Volatility Trading: Trading The Fear Index VIX
Volatility Trading: Trading The Fear Index VIXVolatility Trading: Trading The Fear Index VIX
Volatility Trading: Trading The Fear Index VIX
 
Big Data And The Future Of Retail Investing
Big Data And The Future Of Retail InvestingBig Data And The Future Of Retail Investing
Big Data And The Future Of Retail Investing
 
Backtest of Short Straddles on SPX Index
Backtest of Short Straddles on SPX IndexBacktest of Short Straddles on SPX Index
Backtest of Short Straddles on SPX Index
 
Pairs Trading In the Brazilian Stock Market
Pairs Trading In the Brazilian Stock MarketPairs Trading In the Brazilian Stock Market
Pairs Trading In the Brazilian Stock Market
 
How To Set Up Automated Trading
How To Set Up Automated TradingHow To Set Up Automated Trading
How To Set Up Automated Trading
 
How To Set Up Automated Trading
How To Set Up Automated TradingHow To Set Up Automated Trading
How To Set Up Automated Trading
 
Quantitative Data Analysis of Cryptocurrencies
Quantitative Data Analysis of CryptocurrenciesQuantitative Data Analysis of Cryptocurrencies
Quantitative Data Analysis of Cryptocurrencies
 
Introduction to Quantitative Trading - Investment Management Club of Yale Uni...
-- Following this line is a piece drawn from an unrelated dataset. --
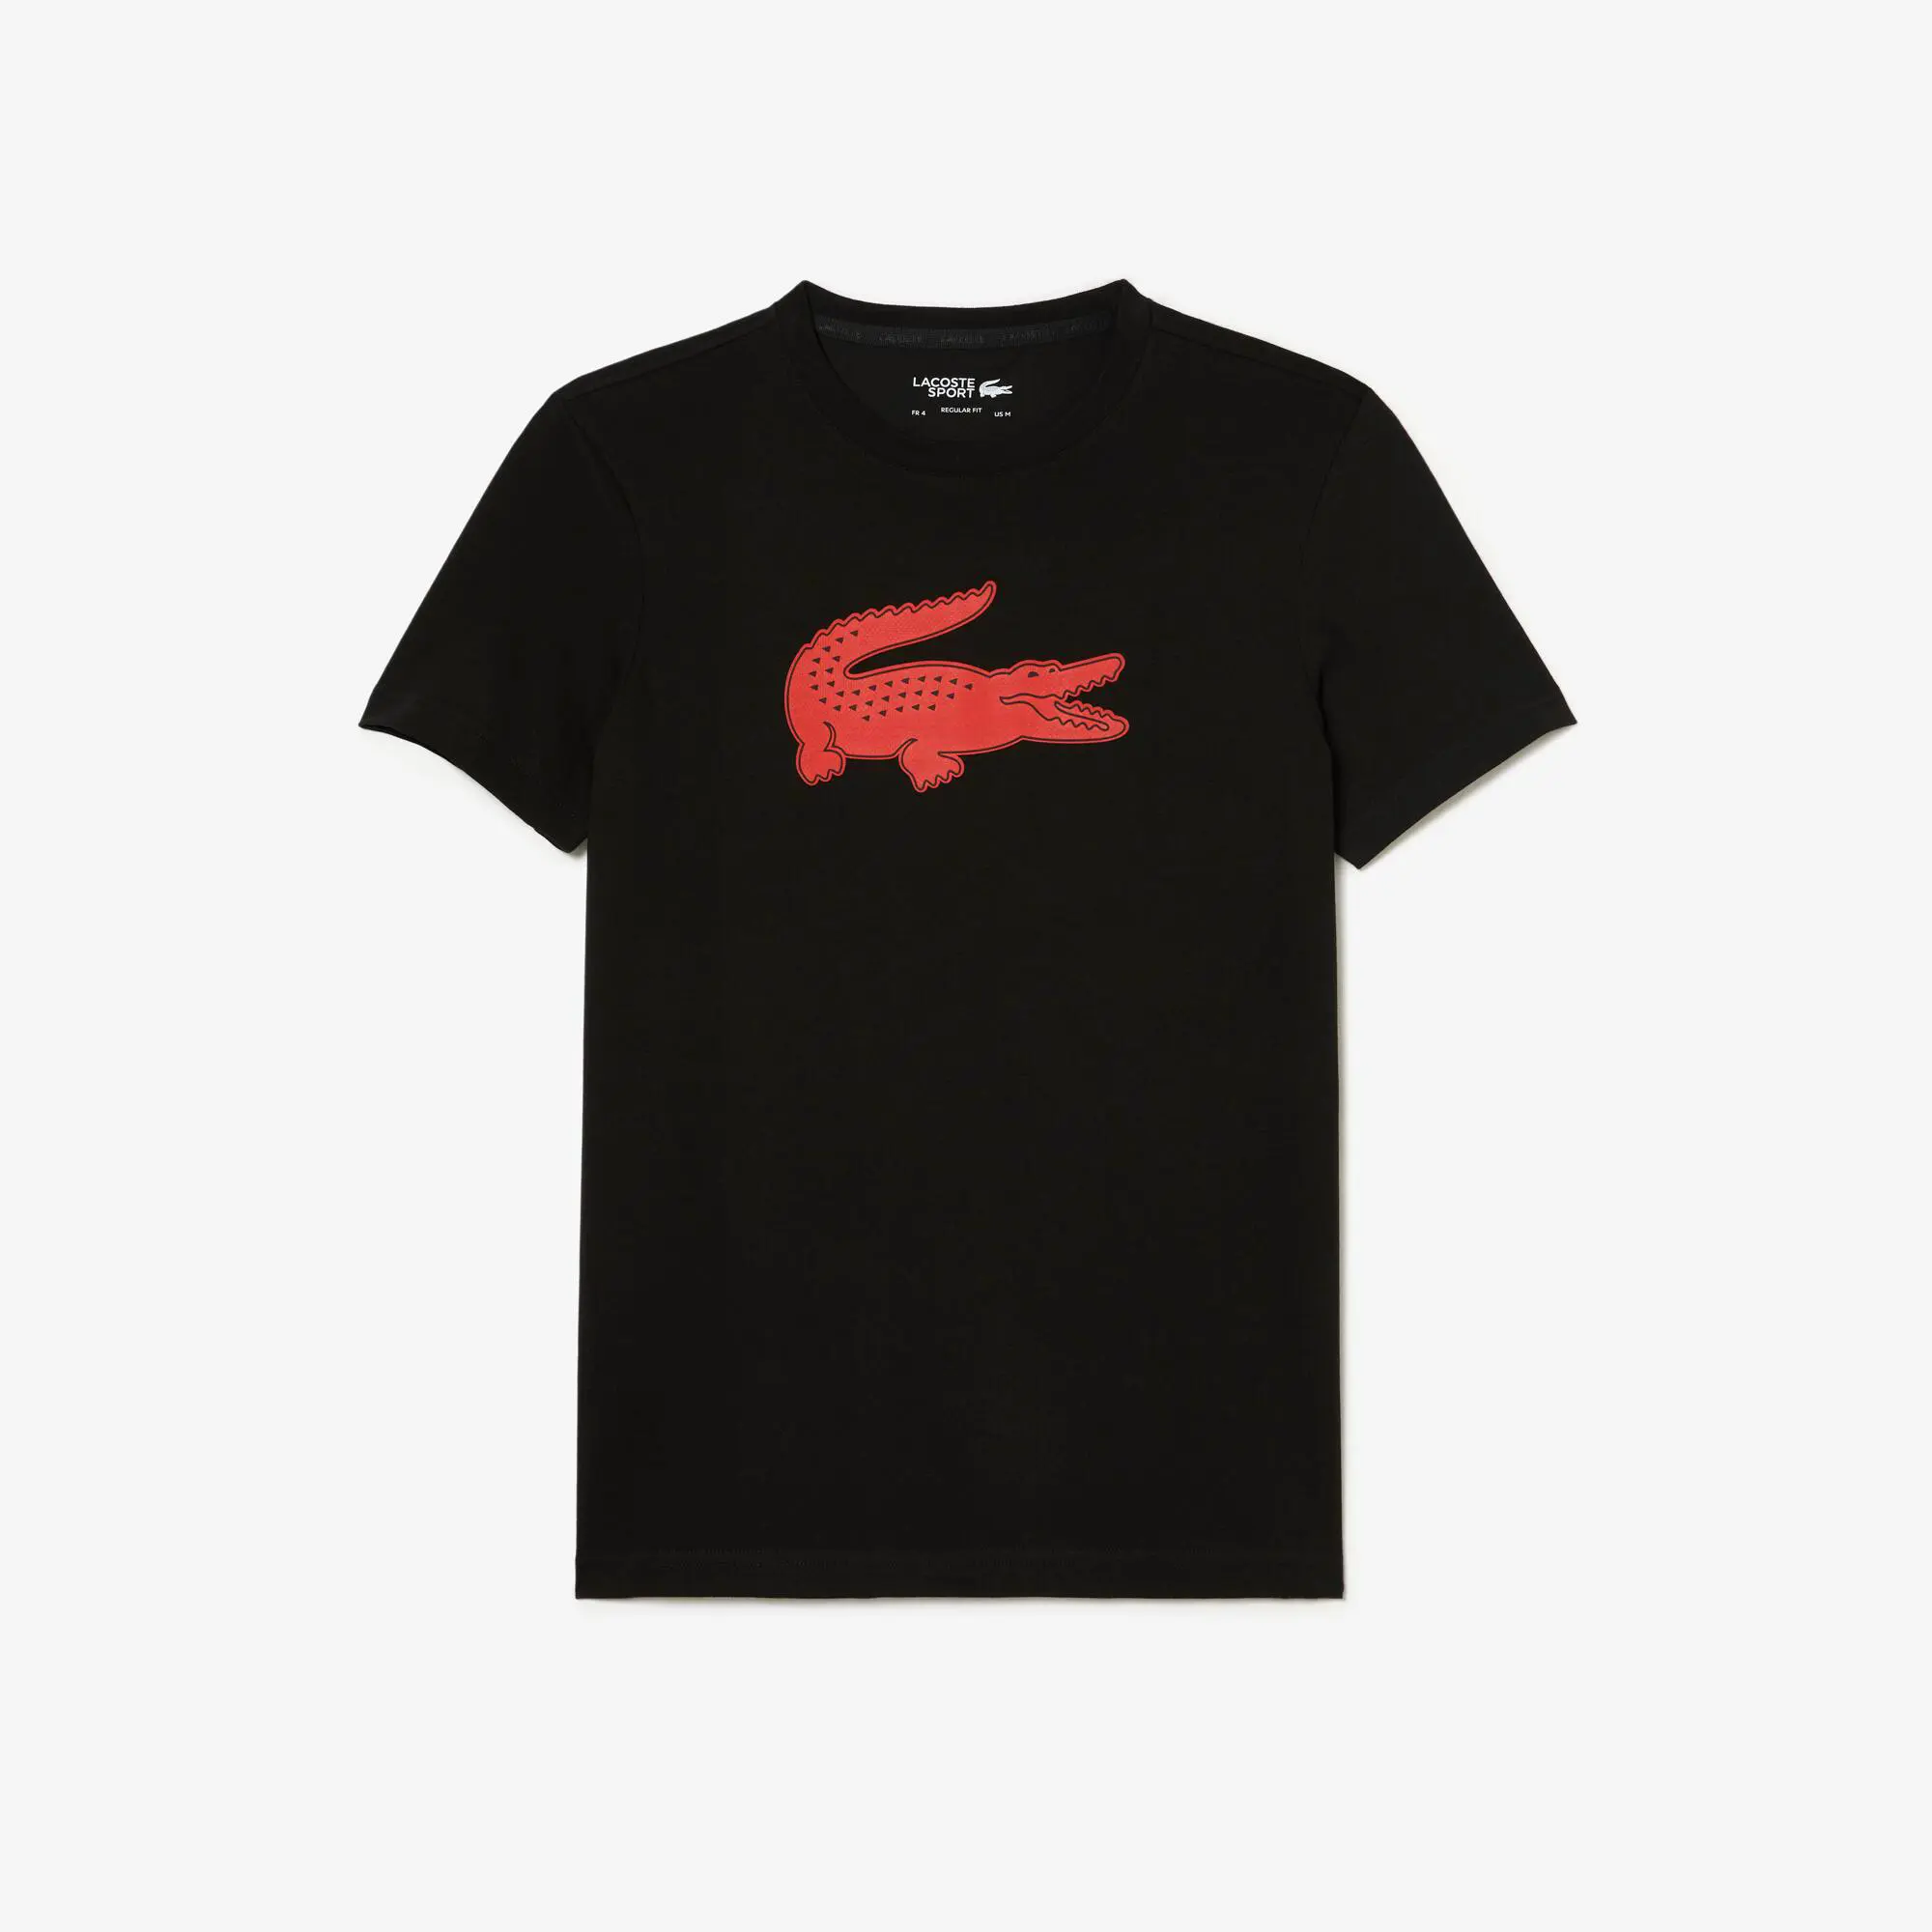 Lacoste Men's SPORT 3D Print Croc Jersey T-Shirt. 2

Introduction to Quantitative Trading - Investment Management Club of Yale Uni...Introduction to Quantitative Trading - Investment Management Club of Yale Uni...
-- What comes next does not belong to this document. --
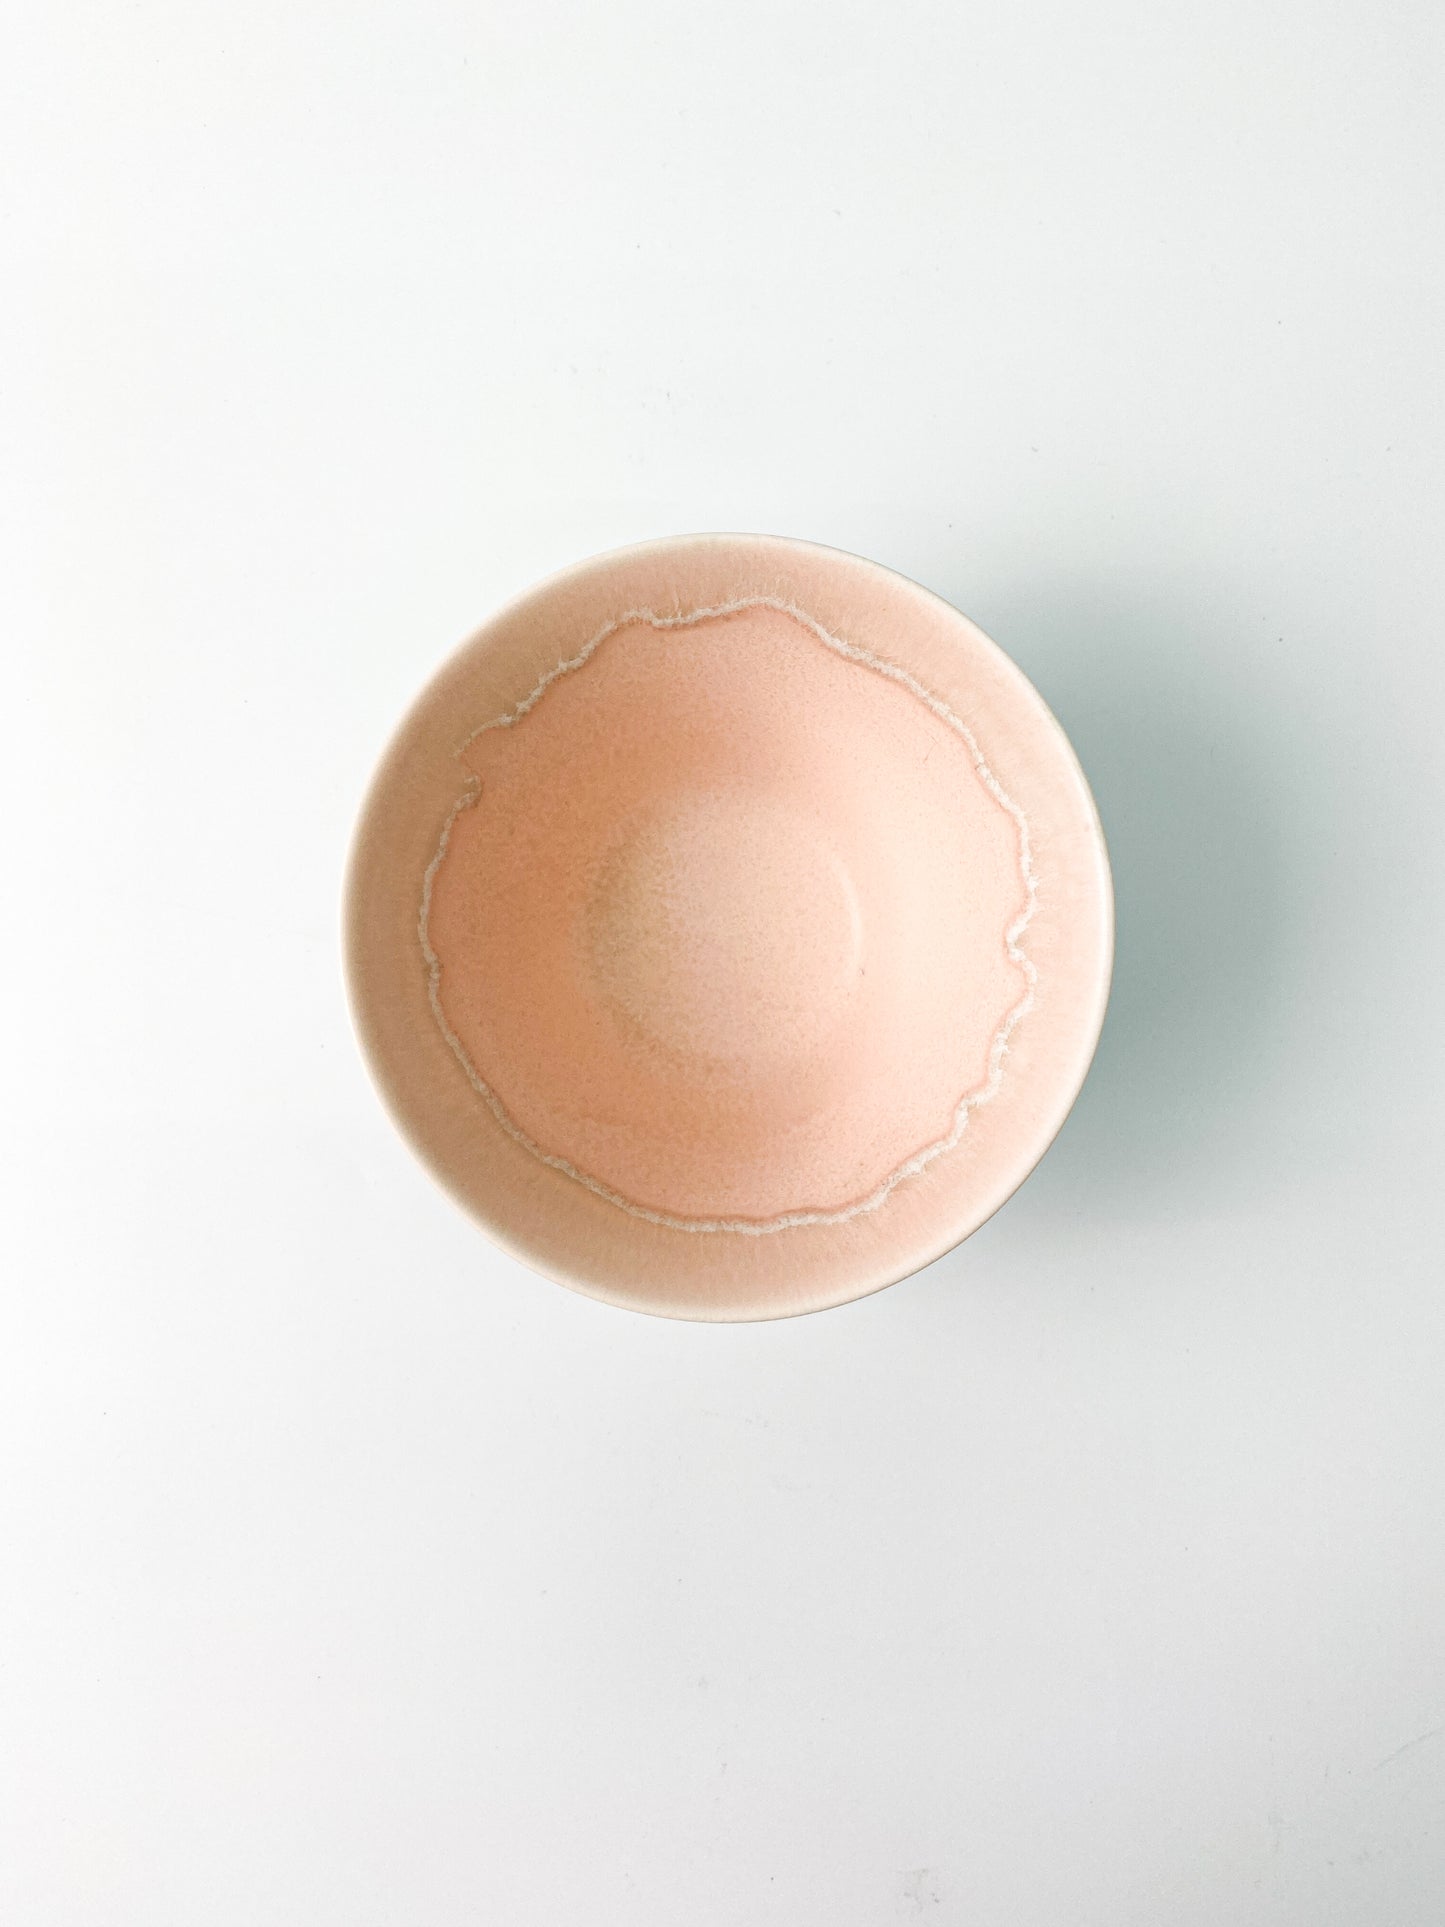 日本製美濃燒 伸光窯粉彩飯碗 (粉藍色) | Japanese Mino Ware Shinko Kiln Pastel Bowl (Pink x Blue)

Introduction to Quantitative Trading - Investment Management Club of Yale Uni...
 
How to automate an options day trading strategy
How to automate an options day trading strategyHow to automate an options day trading strategy
How to automate an options day trading strategy
 
Predict daily stock prices with random forest classifier, technical indicator...
Predict daily stock prices with random forest classifier, technical indicator...Predict daily stock prices with random forest classifier, technical indicator...
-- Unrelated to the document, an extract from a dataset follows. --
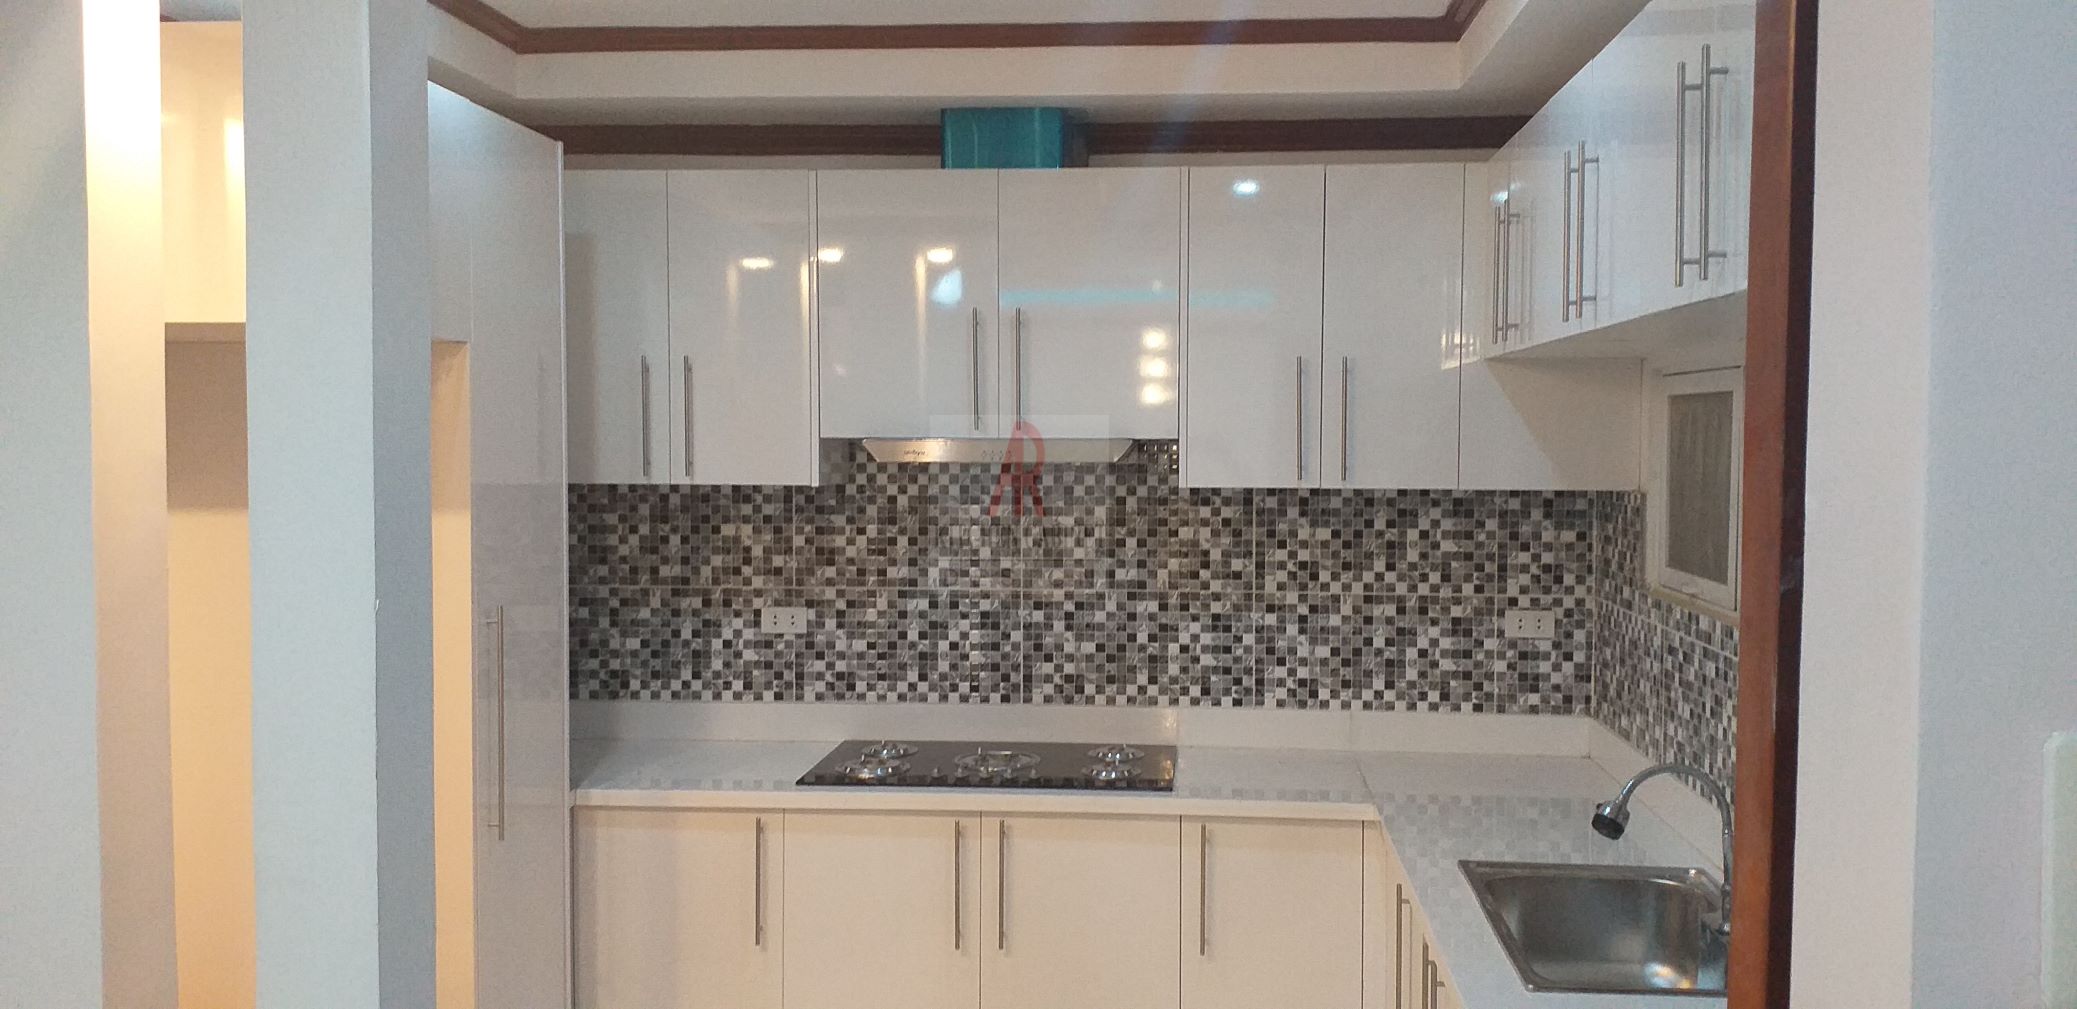 GLossy-White-kitchen-with-white-quartz-countertop

Predict daily stock prices with random forest classifier, technical indicator...
 
How Pandemics Impact the Financial Markets - A Quantitative Analysis
How Pandemics Impact the Financial Markets - A Quantitative AnalysisHow Pandemics Impact the Financial Markets - A Quantitative Analysis
How Pandemics Impact the Financial Markets - A Quantitative Analysis
 
Webinar on Algorithmic Trading - Why make the move? with Vivek Krishnamoorthy...
Webinar on Algorithmic Trading - Why make the move? with Vivek Krishnamoorthy...Webinar on Algorithmic Trading - Why make the move? with Vivek Krishnamoorthy...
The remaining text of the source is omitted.